Avvertenze e precauzioni

Si rivolga al medico, al farmacista o all’infermiere prima di prendere Xenleta

  • se ha insufficienza renale e si sottopone a dialisi;
  • se ha cirrosi (grave malattia del fegato).

Se una delle suddette condizioni si applica nel suo caso, o non ne è sicuro, si rivolga al medico prima di prendere Xenleta.

Se manifesta una grave diarrea durante o dopo aver assunto le compresse di Xenleta, si rivolga al medico perché potrebbe essere necessario interrompere l’assunzione del medicinale oppure prendere un altro medicinale per curare la diarrea. Gli antibiotici possono causare una crescita eccessiva di alcuni batteri nell’intestino che possono danneggiarlo e causare una forma grave di diarrea.

Se sviluppa una colorazione gialla della pelle (itterizia) o il bianco degli occhi diventa giallo (ittero sclerale), si rivolga al medico perché potrebbe essere necessario interrompere l’assunzione di Xenleta o di altri medicinali.

Altre infezioni

La possibilità di contrarre una diversa infezione causata da un altro batterio, durante o dopo il trattamento con Xenleta, è ridotta. Il medico la terrà sotto attenta osservazione al fine di rilevare eventuali nuove infezioni e le prescriverà un altro trattamento, se necessario.

Bambini e adolescenti

L’uso di Xenleta non è raccomandato nei bambini e negli adolescenti di età inferiore a 18 anni.
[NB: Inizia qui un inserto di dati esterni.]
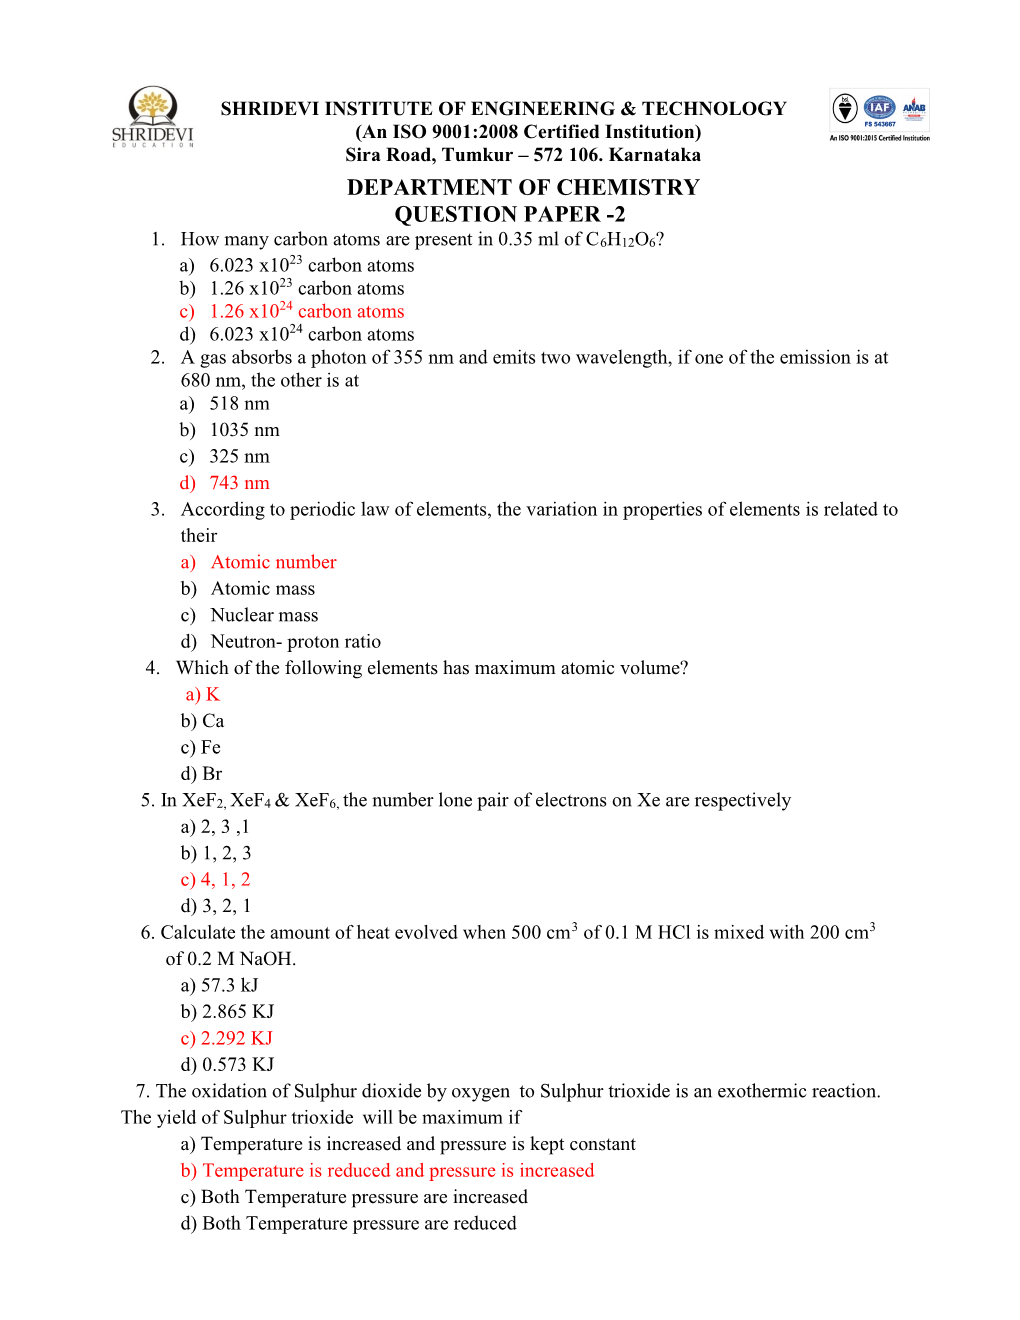 Department of Chemistry Question Paper -2 1

Altri medicinali e Xenleta

Informi il medico o il farmacista se sta assumendo, ha recentemente assunto o potrebbe assumere qualsiasi altro medicinale, in quanto alcuni medicinali potrebbero incidere sull’effetto di Xenleta o viceversa. Gli elenchi in basso contengono solo alcuni esempi di medicinali che devono essere evitati durante l’assunzione di lefamulina o per i quali è necessario usare cautela. Il medico le indicherà se lefamulina è adatto a lei.

Non deve assumere nessuno dei seguenti medicinali insieme a lefamulina:

  • carbamazepina, fenitoina, primidone (per l’epilessia);
  • efavirenz, ritonavir (per l’HIV);
  • erba di San Giovanni, un rimedio a base di erbe (per la depressione o l’umore depresso);
  • bosentan diltiazem, amiodarone, sotalolo, chinidina, procainamide (per l’angina, la pressione alta o le aritmie cardiache);
  • rifampicina, claritromicina, eritromicina (per le infezioni batteriche);
  • fluconazolo, itraconazolo, posaconazolo, voriconazolo (per le infezioni fungine);
  • ketoconazolo (per la malattia di Cushing);
  • repaglinide (per il diabete);
  • nefazodone, amitriptillina o pimozide (per la depressione o altre malattie mentali).

Potrebbe essere necessario che il medico aggiusti la dose di alcuni medicinali mentre sta prendendo lefamulina. Tali medicinali includono:

  • alprazolam, midazolam, triazolam o altri farmaci denominati benzodiazepine (per l’ansia);
  • alfentanil (un oppiaceo, per il dolore);
  • vardenafil (per la disfunzione erettile);
  • ibrutinib (per alcune tipologie di cancro);
  • lovastatina, rosuvastatina o simvastatina (per ridurre i livelli di colesterolo);
  • metformina (per il diabete);
  • zolpidem (per l’insonnia);
  • etinilestradiolo (usato nelle pillole anticoncezionali);
  • verapamil (per la pressione del sangue elevata).

Xenleta con cibi e bevande

Xenleta va assunto a stomaco vuoto almeno 1 ora prima o 2 ore dopo i pasti. Ciò è dovuto al fatto che gli alimenti e alcune bevande possono influenzare il meccanismo d’azione dei medicinali.

Durante il trattamento con Xenleta, non deve mangiare pompelmo o bere succo di pompelmo in quanto potrebbero interagire con Xenleta e aumentarne gli effetti indesiderati.

Gravidanza, allattamento

Non prenda Xenleta se è in corso una gravidanza o se sta allattando. Se è in corso una gravidanza, se sospetta o sta pianificando una gravidanza, o se sta allattando con latte materno chieda consiglio al medico o al farmacista prima di prendere questo medicinale.

Guida di veicoli e utilizzo di macchinari

L’assunzione di Xenleta non altera la capacità di guidare veicoli o di usare macchinari.

Xenleta contiene sodio

Questo medicinale contiene meno di 1 mmol di sodio (23 mg) per dose, ossia è essenzialmente “senza sodio”.

Come si usa Xenleta 600 mg compresse rivestite con film?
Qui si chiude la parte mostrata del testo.